Table 1 Results of copy-number variation sequencing

Sample type	Sample	Result of CNV-seq
Amniotic fluid	Amniotic fluid cells	47,XXY
Fetal tissue	Fetal muscle tissue	47,XXY
Umbilical cord	Middle segment of umbilical cord	47,XXY
Placenta	Center of fetal face	47,XY,+21[65%]/46,XY[35%]
	Margin of fetal face	47,XY,+21[65%]/46,XY[35%]
	Margin of maternal face	47,XY,+21[65%]/46,XY[35%]
	Center of maternal face	47,XY,+21[60%]/47,XXY[20%]/46,XY[20%]
	Placental center	47,XY,+21[65%]/47,XXY[10%]/46,XY[25%]

CNV-seq: Copy-number variation sequencing.

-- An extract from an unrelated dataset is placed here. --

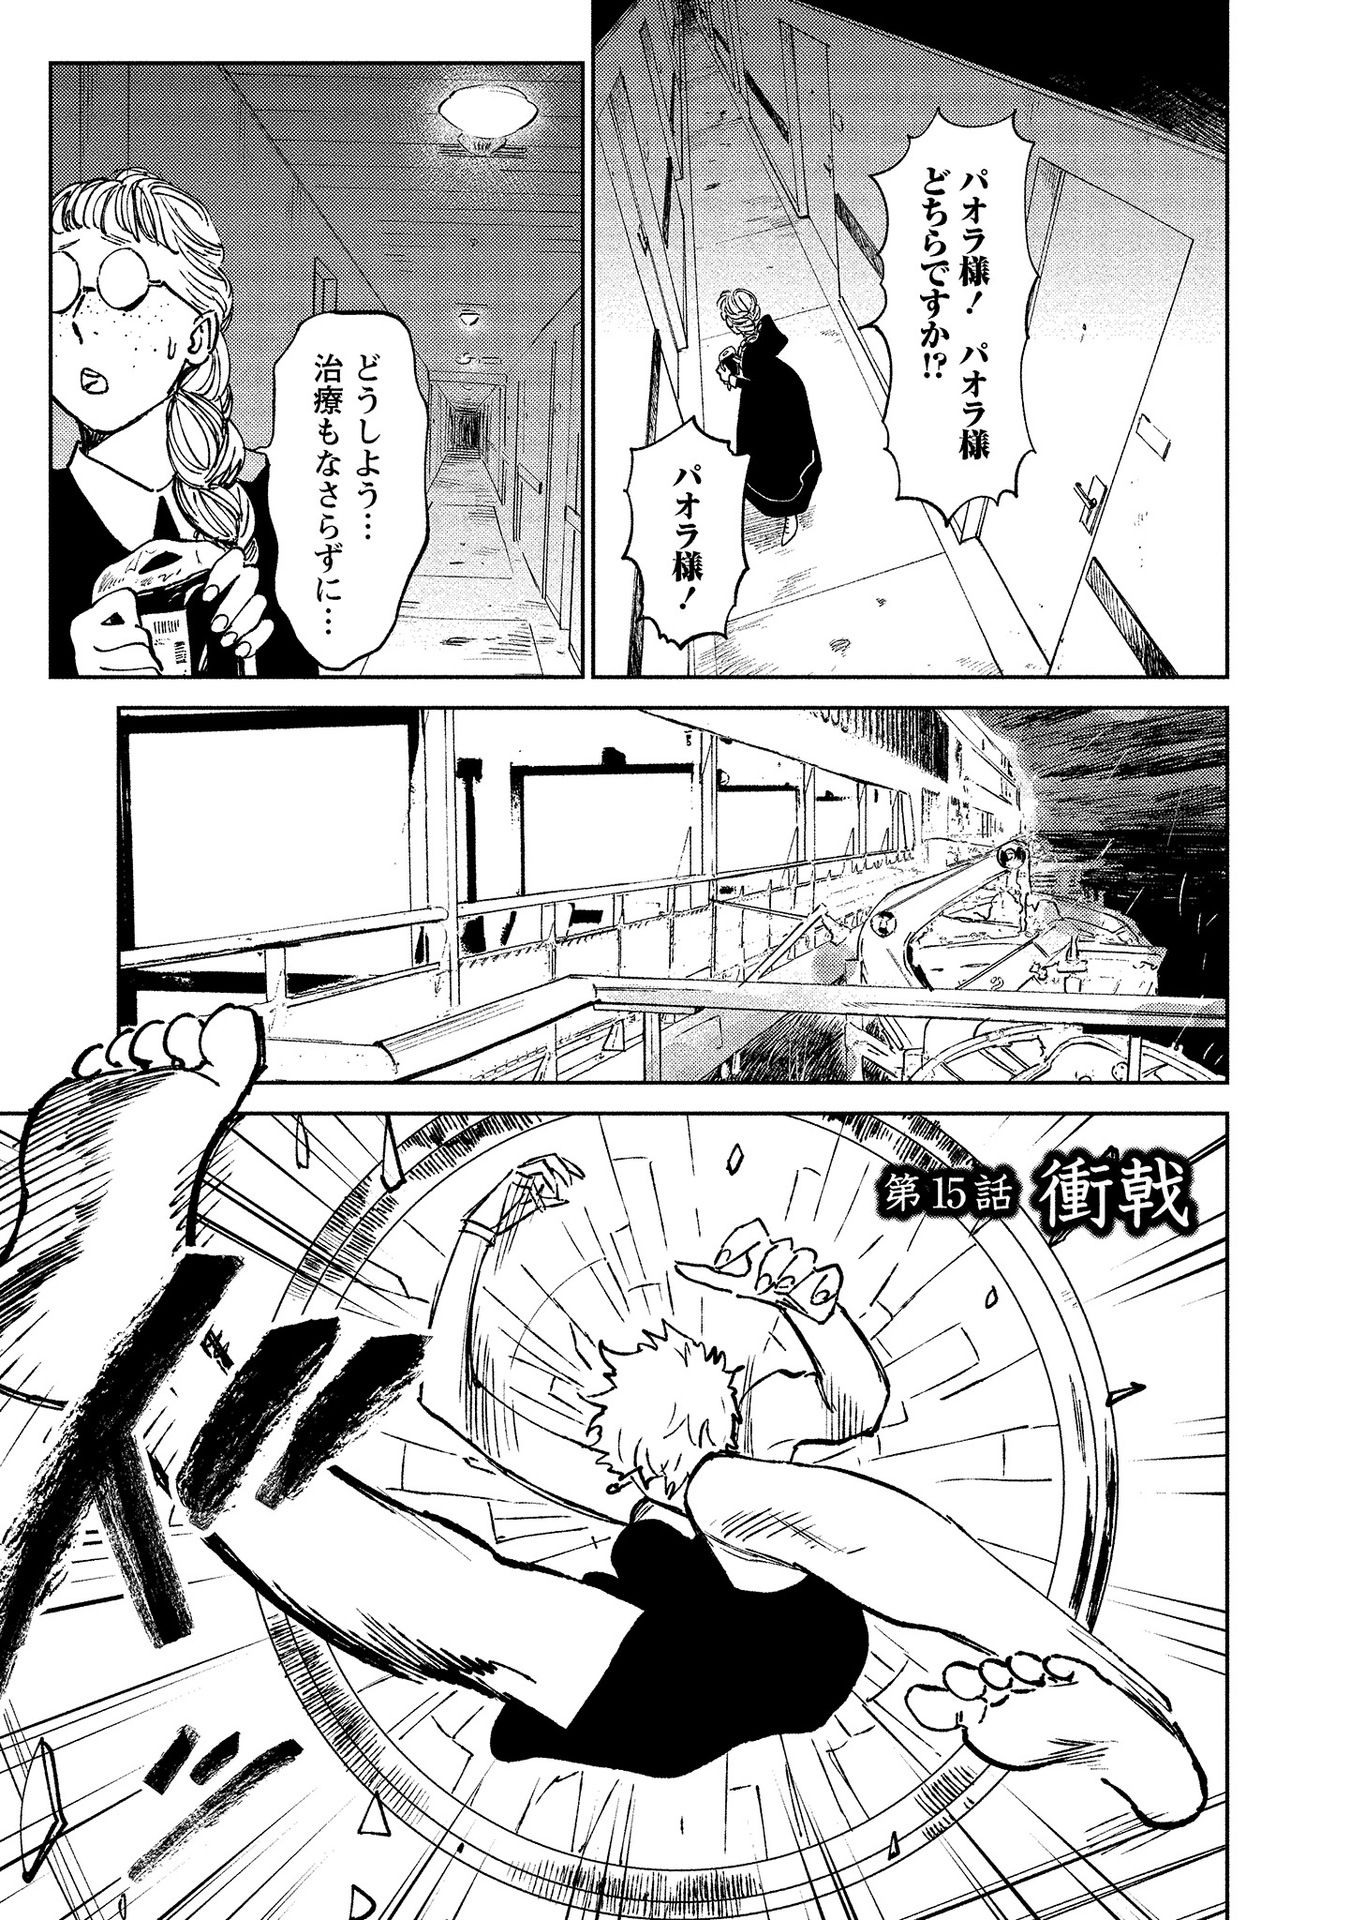 Chikai no Noah - Chapter 15 - Page 1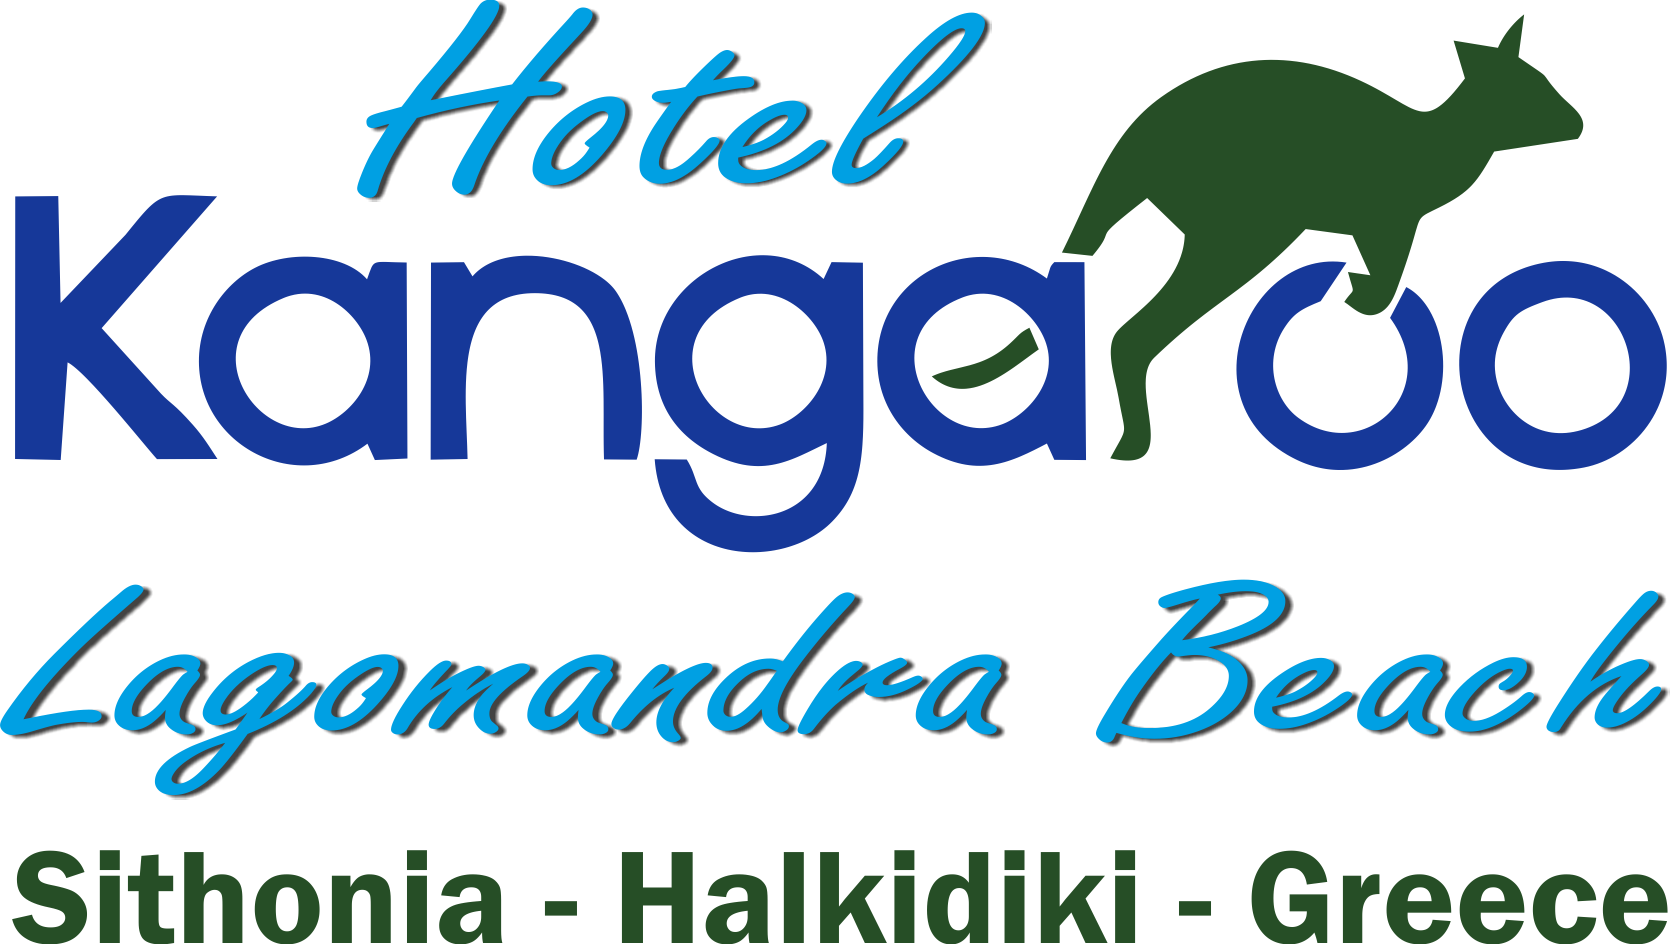 Hotel Kangaroo - Lagomandra Beach - Sithonia - Halkidiki - Greece

Table 2 Timeline for the care

Gestational age (wk)	Examination items	Results
15 + 1	Serum Down’s screening	High risk for trisomy 21
15 + 3	NIPT	High risk for trisomy 21, low risk for sex chromosome aneuploidy
19 + 2	Amniocentesis (CNV-seq and karyotype analysis)	47,XXY
22 + 5	Abortion, collected fetal muscle tissue, umbilical cord and placental samples	Fetal muscle tissue and umbilical cord: 47,XXY placenta: A mosaic of 47,XY,+21; 47,XXY; and 46,XY

NIPT: Noninvasive prenatal testing; CNV-seq: Copy-number variation sequencing.